Entrepreneurs and startups are experiencing a resurgence. With small businesses of all kinds popping up around the country, the entrepreneurial spirit is now highly valued in many sectors. Nonprofits, however, are often overlooked in the discussion of launching a new organization and building an audience and impact.
While new apps and technology might get most of the media attention, founding a nonprofit actually has a lot in common with launching a startup. Check out these five ways in which nonprofits embody the entrepreneurial spirit.
1. Nonprofits Have Investors
Both nonprofits and startups need funding to put their ideas into action. Startup founders often court others to invest in their company. If the business continues to grow, the startup may go through multiple rounds of fundraising. Nonprofits usually rely on donations and grants to fund their work. While startup investors support an organization in the hopes of financial return, donors invest in nonprofits in the hopes of a different kind of return: impact.
Despite their differences, startups and nonprofits approach this expectation in a similar way. Most nonprofits produce annual or quarterly reports for donors, summarizing their work and presenting their impact. Startups also produce these reports, intended to show investors that the business is succeeding in its objectives. In both cases, the organization is responsible to their financial supporters and satisfies them with regular updates and metrics.
2. New Solutions
No one starts an organization with the intention to do what has already been done. People start organizations when they have an idea for a new product, service, or solution to a problem. Ride-sharing services like Uber and Lyft were created to provide a faster, less expensive way to get from point A to point B. Transportation isn’t a new industry, but they were bringing a new solution to it. Similarly, people start nonprofits because they want to solve problems, often in innovative, new ways.
The Emilio Nares Foundation began when the founders realized children in San Diego were missing cancer treatments because they didn’t have a ride. Their solution was to send vans to pick up families in need and take them to and from the hospital. Both startups and nonprofits are created to offer new solutions. People may be hesitant to jump on board with these new ideas, but they can revolutionize an industry. Uber now operates in 57 countries. Meanwhile, The Emilio Nares Foundation is expanding their work into Orange County and investigating how to institute programs all over the United States.
3. Must Market Themselves and Build Awareness
One of the hardest parts of gaining a foothold in your sector is simply building awareness and name recognition. Especially when your staff is small and money is tight, organizations have to get creative and work hard to market themselves. Social media is one way both new businesses and nonprofits can take control of their brand and gain exposure. Even if your website isn’t totally finished, new organizations can quickly set up a Facebook page or Twitter account to start connecting with people.
In fact, tapping into social networks is how many apps have gained widespread use. Venmo, a popular finance app that allows friends to easily pay each other back or split bills, spreads quickly because users recruit their friends. Venmo users encourage friends to download the app, so it becomes a regular part of social events.

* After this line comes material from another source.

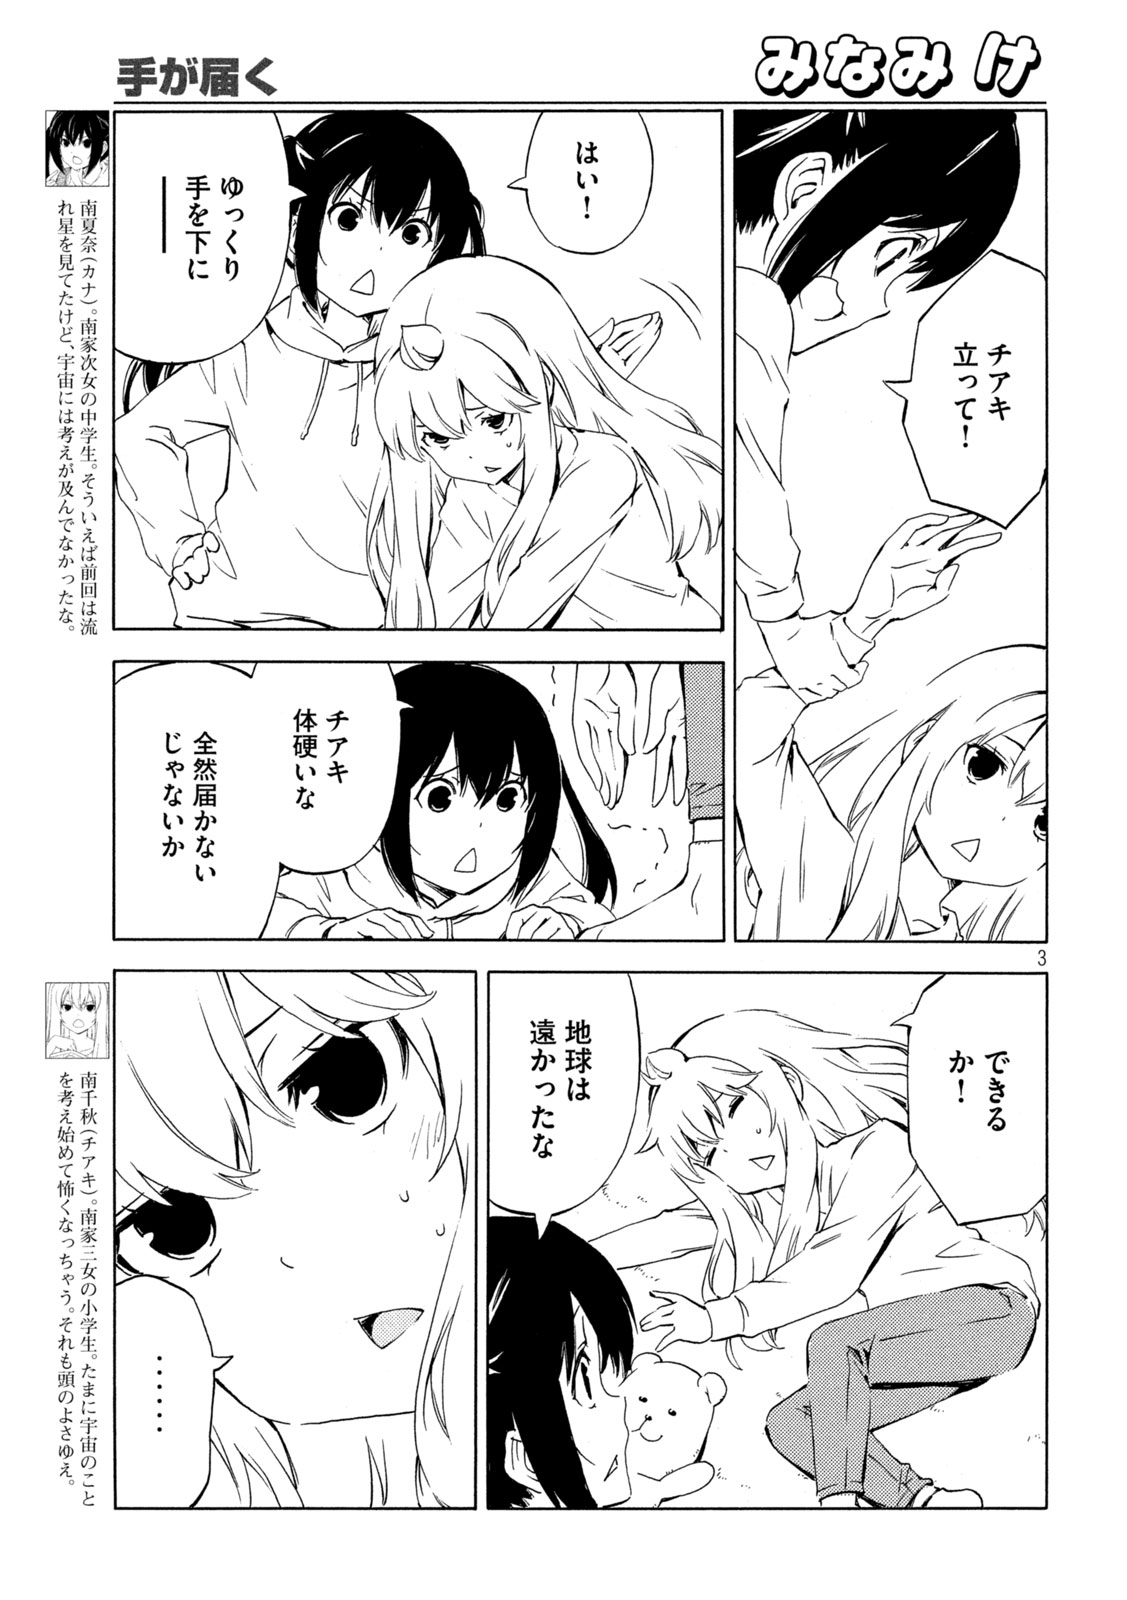 Minami-ke - Chapter 482 - Page 3

Peer-to-peer fundraising is one way nonprofits tap into social networks to find more supporters. When someone makes a fundraising page for their favorite nonprofit, they ask friends and family to donate. The organization doesn’t just get much-needed funds, it also gains exposure to new audiences and supporters.
4. Founders Wear Many Hats
You can’t delegate when you’re a one-man shop.
Many nonprofits start as passion projects before they become well-known or expansive. Whether you are starting a food bank or a clothing boutique, starting an organization requires founders to wear many hats and handle a wide variety of responsibilities.
A single nonprofit founder might negotiate partnerships, update social media, develop a website, research their cause, recruit board members, and plan programs over the course of a week. Whether there’s profit involved or not, founding an organization involves a lot of hard work.
5. They Risk Because They Believe
Starting a small business is a big risk. Founders pour time, effort, and money into startups with the knowledge that 90 percent of these organizations will fail. Nonprofit founders do the same, but without the prospect of selling the enterprise for millions of dollars. Wouldn’t it be easier and safer to join a successful existing organization?
But easy and safe doesn’t change the world.
The founders of nonprofits risk time, money, and sanity because they believe in their cause and they believe in their solutions. Entrepreneurs, whether they make a profit or not, go after their mission because they want to make a lasting impact, and without these small beginnings we wouldn’t have revolutionary businesses and nonprofits like Facebook and charity: water. Founding an organization takes the courage to face the unknown and pursue a dream with no guarantee of success.
The conversation around startups and entrepreneurship has long celebrated the hard work and creativity it takes to succeed, but these qualities are also essential in the nonprofit space. Founders and staff at both startups and nonprofits should look to each other for inspiration and advice. Their shared challenges and experiences lay the foundation for a future in which the worlds of for-profit business and social impact better identify with each other and work together.